Some of you may recognize this as the beginning of the famous Einstein, Rosen, Podolsky thought experiment. I’m going to take the opportunity to name-drop here, and tell you that I was a student of the late Prof. Okalowski (one of my favorite professors, ever!), who was a student of Rosen.
So far, this may all seem very mundane.
The experiment becomes interesting, though, when you begin to ask Sally and Katherine questions when only one could know the answer. Ask Sally in Dec. of 2012 who the next president of the U.S. is, and she might very well say “Sarah Palin”, while Katherine might be expected to say “Barack Obama”.
But what if they both consistently answer the same, statistically speaking, to these kinds of questions? Only one of them should know the answer. We put Katherine an Alpha Centauri to make sure of that, after all, and it would be weird (indeed, physically impossible) for her to know who won before the televised results of the 2012 election even got to Alpha Centauri.
But the universe is weird. If you use electrons that are created together (so that the quantum-mechanical spin polarization for both is related), separated far enough so that you know a signal can’t travel between them fast enough and ask the right question (Are you polarized in this direction right now?), and check the results statistically, it turns out that the electrons answer just as if they’ve talked to each other. That experiment was done in the ’80s, so we know. They can’t have communicated, but they must have, faster than light. It’s very weird, and physics now considers the quantum mechanical states of these two particles to be “entangled”.
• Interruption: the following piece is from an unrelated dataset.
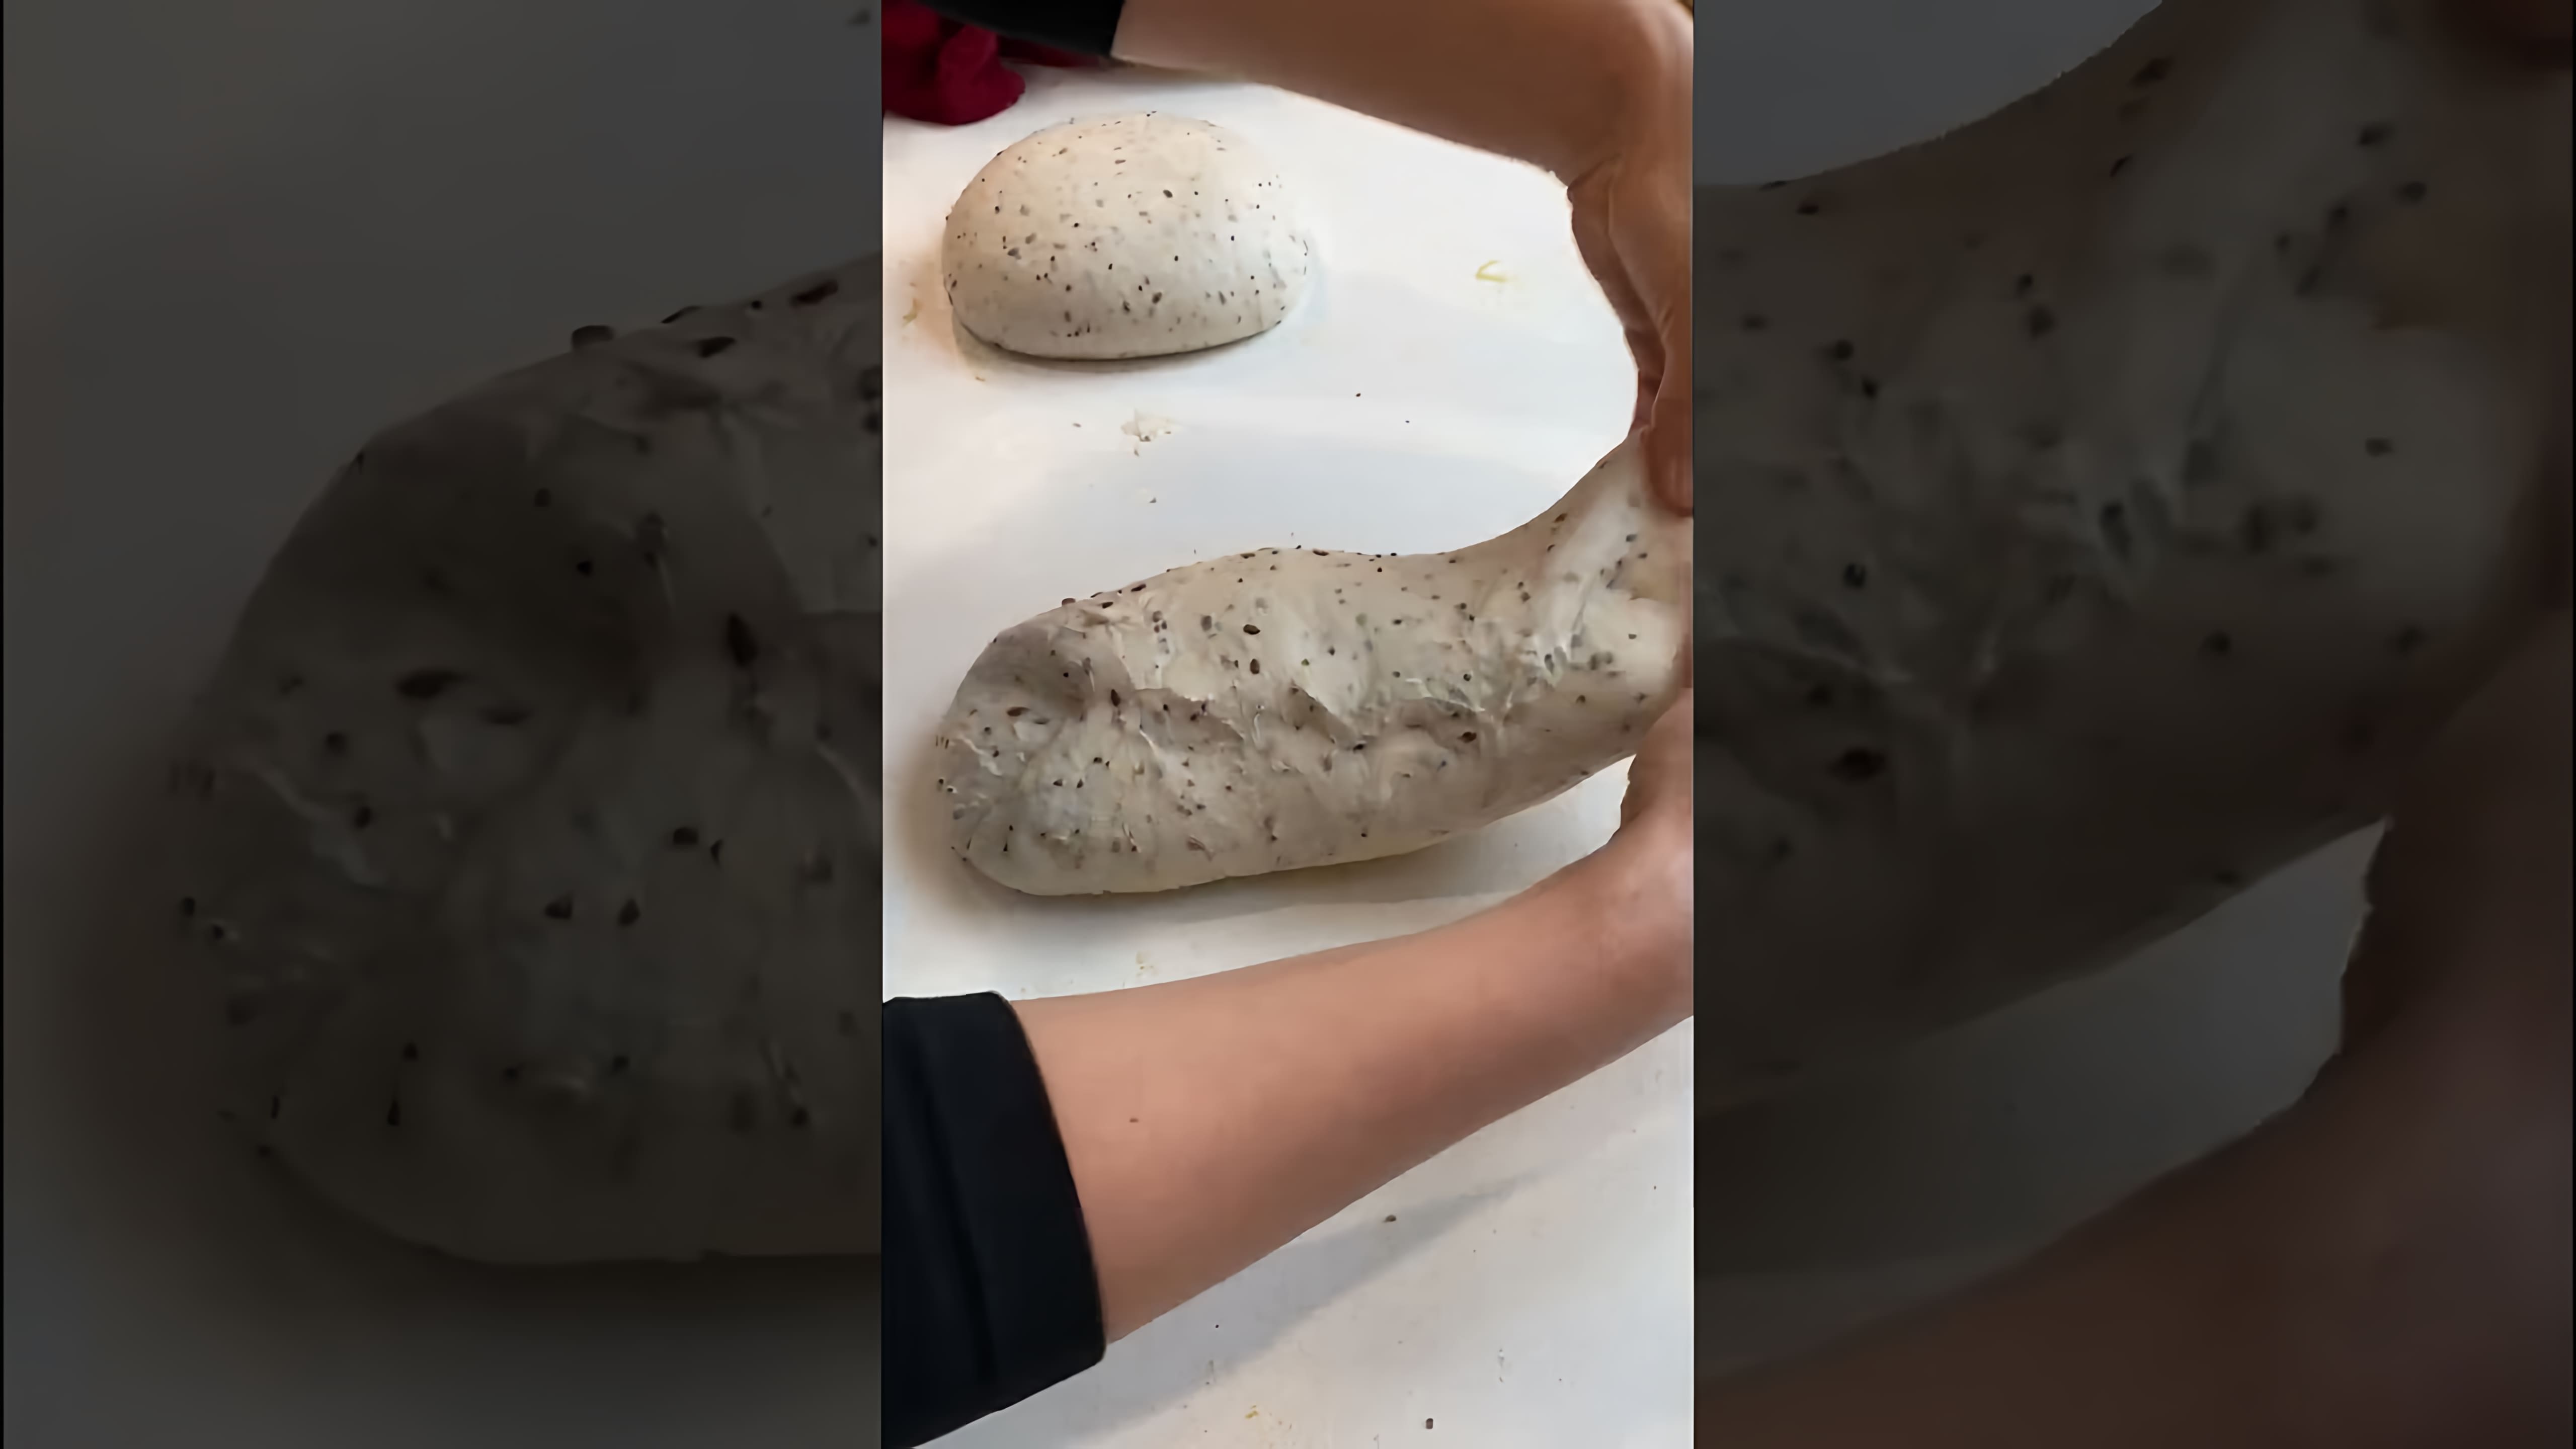 В этом видео демонстрируется процесс формовки тартина - хлеба на закваске без промышленных дрожжей

So what has this to do with free will? If the quantum-mechanical wave function of one of those particles collapses to a definite state when the experiment is done (that is the decision about a particles spin is determined only when someone looks at it, and not a moment sooner), then we have to ask if the state of the other, quantum-mechanically entangled particle is determined by the choice made by the first particle. That second particle may have no choice in the matter. And in the aggregate, you have no choice in anything, either. Everyone of your actions has been pre-determined by something else, and by history.
In their heart of hearts, nobody finds that easy to believe. John Conway, Simon Kochen demonstrate rigorously that you’ll free will depends upon the ability of quantum mechanical particles to choose their state independent of their history.
I find it sort of neat that physics is capable of saying anything at all, wrong or right, about the topic of free will. You wouldn’t think that it could.